Assignment: Pandas Fundamentals with Earthquake Data#

In this assignment, we will review pandas fundamentals, such as how to

  • Open csv files

  • Manipulate dataframe indexes

  • Parse date columns

  • Examine basic dataframe statistics

  • Manipulate text columns and extract values

  • Plot dataframe contents using

    • Bar charts

    • Histograms

    • Scatter plots

First, import Numpy, Pandas and Matplotlib and set the display options.

Data for this assignment in .csv format downloaded from the USGS Earthquakes Database is available at:

http://www.ldeo.columbia.edu/~rpa/usgs_earthquakes_2014.csv

You don’t need to download this file. You can open it directly with Pandas.

1) Use Pandas’ read_csv function directly on this URL to open it as a DataFrame#

(Don’t use any special options). Display the first few rows and the DataFrame info.

You should have seen that the dates were not automatically parsed into datetime types.

2) Re-read the data in such a way that all date columns are identified as dates and the earthquake ID is used as the index#

Verify that this worked using the head and info functions.

3) Use describe to get the basic statistics of all the columns#

Note the highest and lowest magnitude of earthquakes in the databse.

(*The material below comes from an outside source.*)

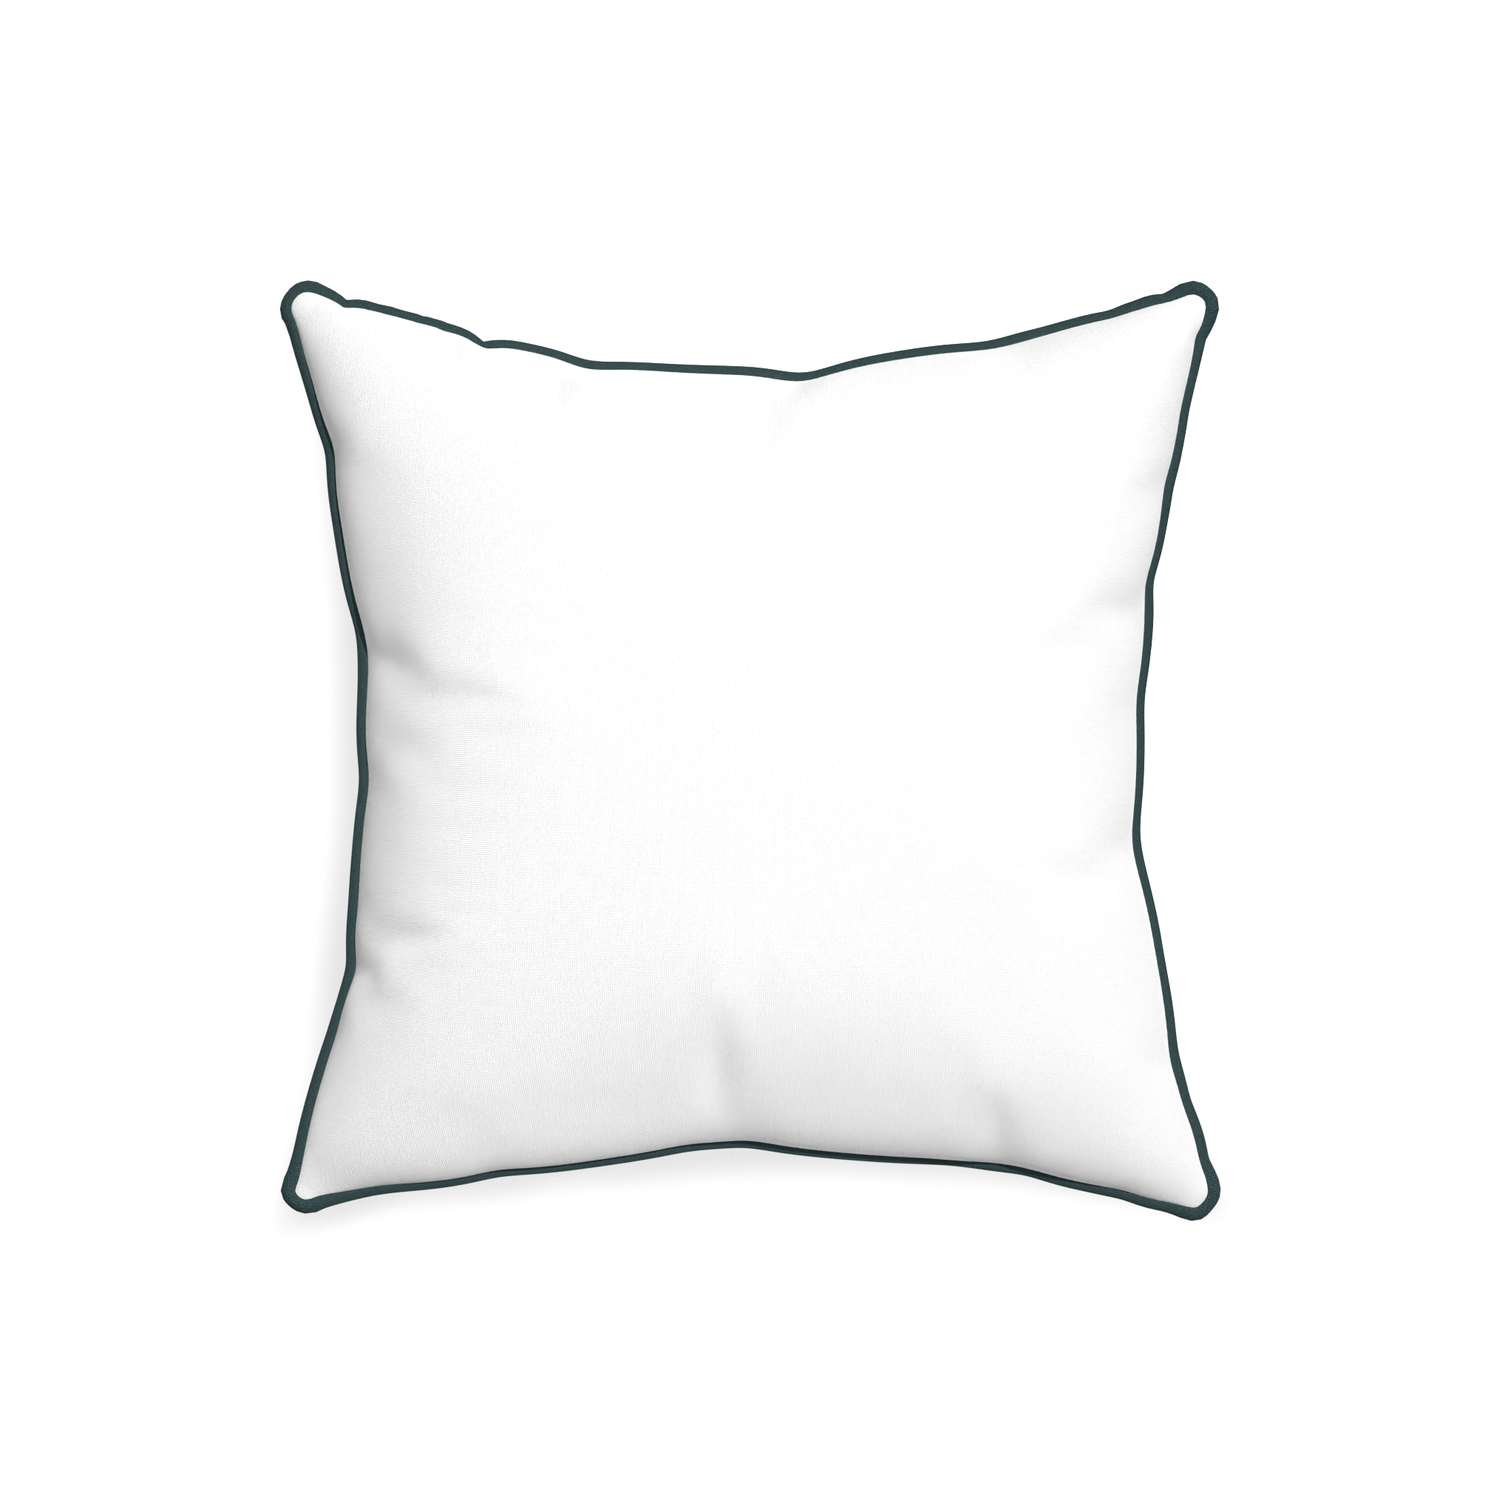 20-square snow custom white cottonpillow with p piping on white background

4) Use nlargest to get the top 20 earthquakes by magnitude#

https://pandas.pydata.org/pandas-docs/stable/generated/pandas.Series.nlargest.html

Examine the structure of the place column. The state / country information seems to be in there. How would you get it out?

5) Extract the state or country using Pandas text data functions#

Add it as a new column to the dataframe called country. Note that some of the “countries” are actually U.S. states.

6) Display each unique value from the new column#

https://pandas.pydata.org/pandas-docs/stable/generated/pandas.Series.unique.html

7) Create a filtered dataset that only has earthquakes of magnitude 4 or larger and#

8) Using the filtered dataset (magnitude > 4), count the number of earthquakes in each country/state. Make a bar chart of this number for the top 5 locations with the most earthquakes#

Location name on the x axis, Earthquake count on the y axis

9) Make a histogram the distribution of the Earthquake magnitudes#

https://pandas.pydata.org/pandas-docs/version/0.23/generated/pandas.DataFrame.hist.html https://matplotlib.org/api/_as_gen/matplotlib.pyplot.hist.html

Do one subplot for the filtered and one for the unfiltered dataset. Use a Logarithmic scale. What sort of relationship do you see?

11) Visualize the locations of earthquakes by making a scatterplot of their latitude and longitude#

Use a two-column subplot with both the filtered and unfiltered datasets. Color the points by magnitude. Make it pretty

What difference do you note between the filtered and unfiltered datasets?